Does Wal-Mart have an ulterior motive in giving away water and basic supplies and donating millions of dollars of cash? I DON'T CARE! More importantly, I seriously doubt that folks on the coast care what the motivation is. The relevant point is that Wal-Mart is getting it done better than most anyone right now.

So, just for a day or so, let's all cut Wal-Mart some slack and say, "GOOD JOB, WAL-MART!" Heck, I think I'm going to force myself to go down to the Beltline today and buy some useless plastic trinkets just out of appreciation.
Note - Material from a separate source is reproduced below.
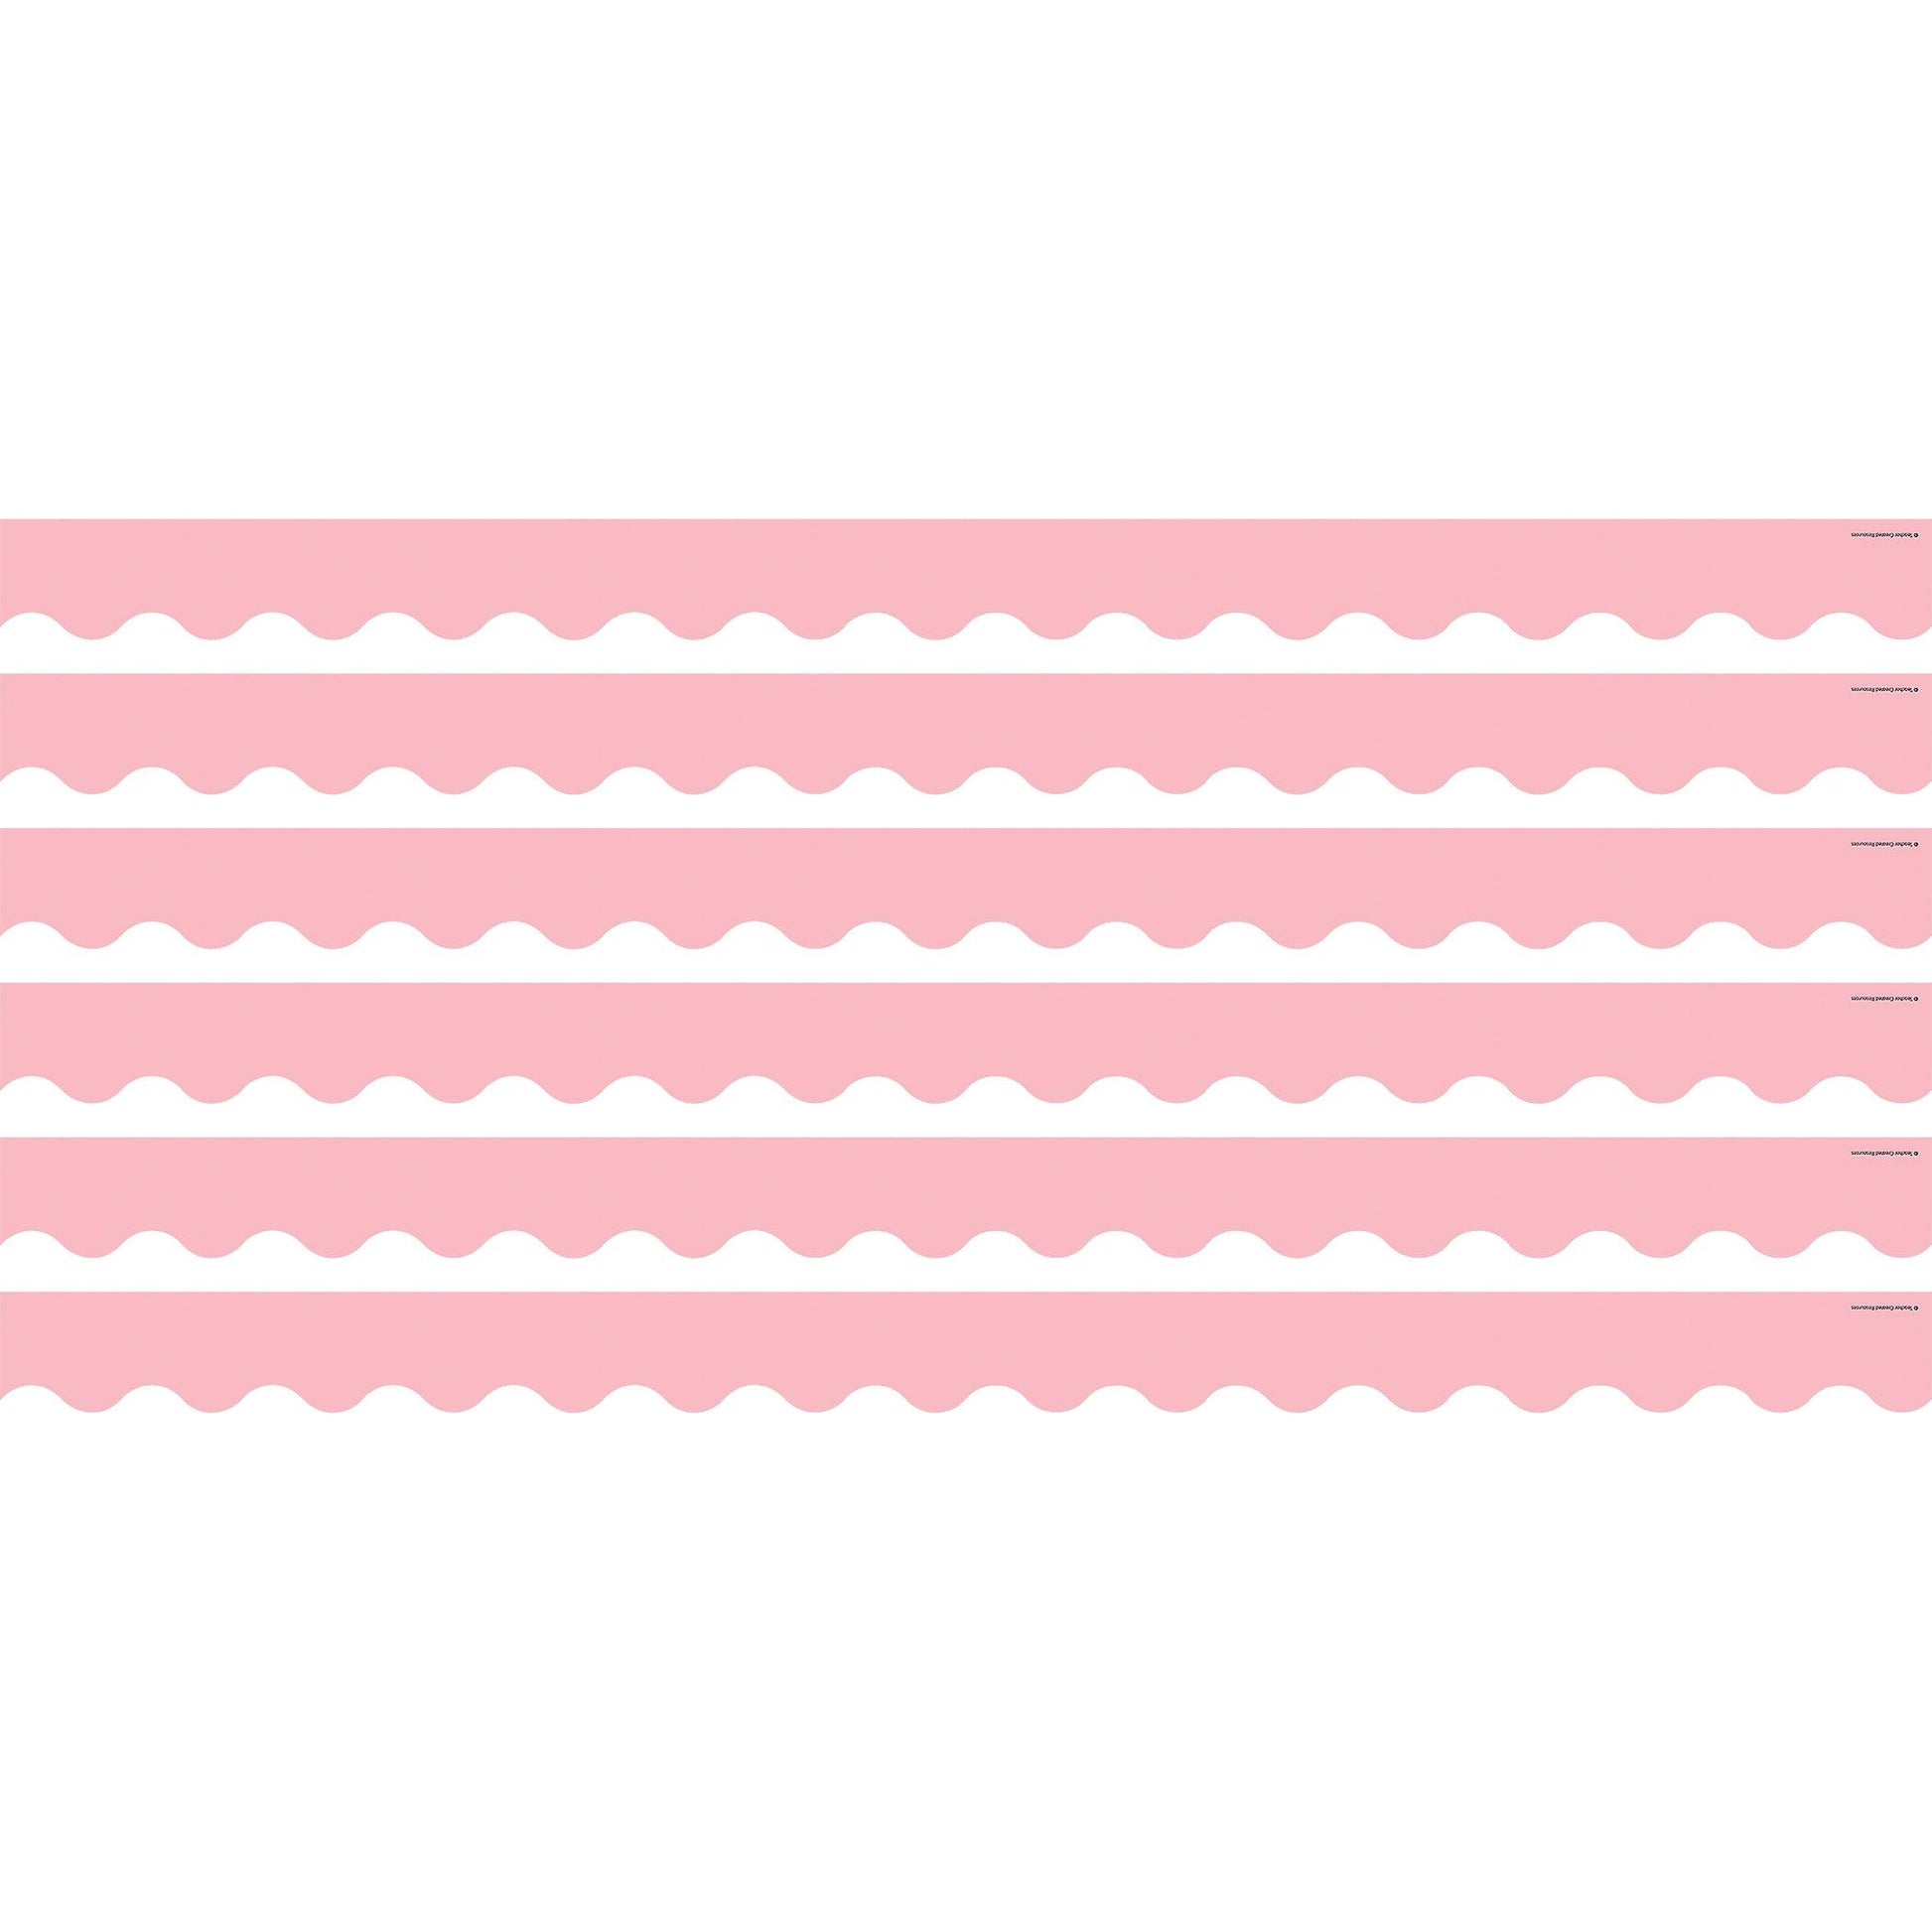 Pastel Pink Scalloped Border Trim, 35 Feet Per Pack, 6 Packs - Loomini

Hat tip to Marginal Revolution for notice of the original story.

3 Comments:

At 3:17 PM, Blogger hybrisma said...

that "b" could be:
- beer.
- backgammon.
- bacon.
- badminton.
- ballet.
- bars.
- basketball.
- beach.
- bears.
- bats.
- bikinis.
- bingo.
- birds.
- blood.
- booze.
- babes.
- bulldogs.
there are some strange options.
cool blog.
keep it up. *

 
At 4:11 PM, Anonymous Anonymous said...

You're right. What I find a little disheartening is that Wal-Mart was been doing this type of thing everytime a disaster comes up for YEARS and yet no one says anything about that! What makes this time so special that all of a sudden The Washington Post and others take notice? I offer my donations to Wal-Mart because they don't do the "we'll match only what you give". They go beyond that as say "we'll get it to where it needs to go along with what we have to give." More often than not they make up the difference. So to all the Wal-Mart bashers-- GROW UP! We live in a country founded on CAPITALISM!

 
At 8:20 PM, Anonymous Anonymous said...

You know how Wal-Mart can afford to donate so much stuff and take care of its workers? The money comes from the constant overcharging I experience every time I shop at one of those dirty stores. And I'm not talking about overpriced merchandise- I'm talking about a price label that says one thing and a receipt that says another. So get off your Wal-Mart high horse. Target rules!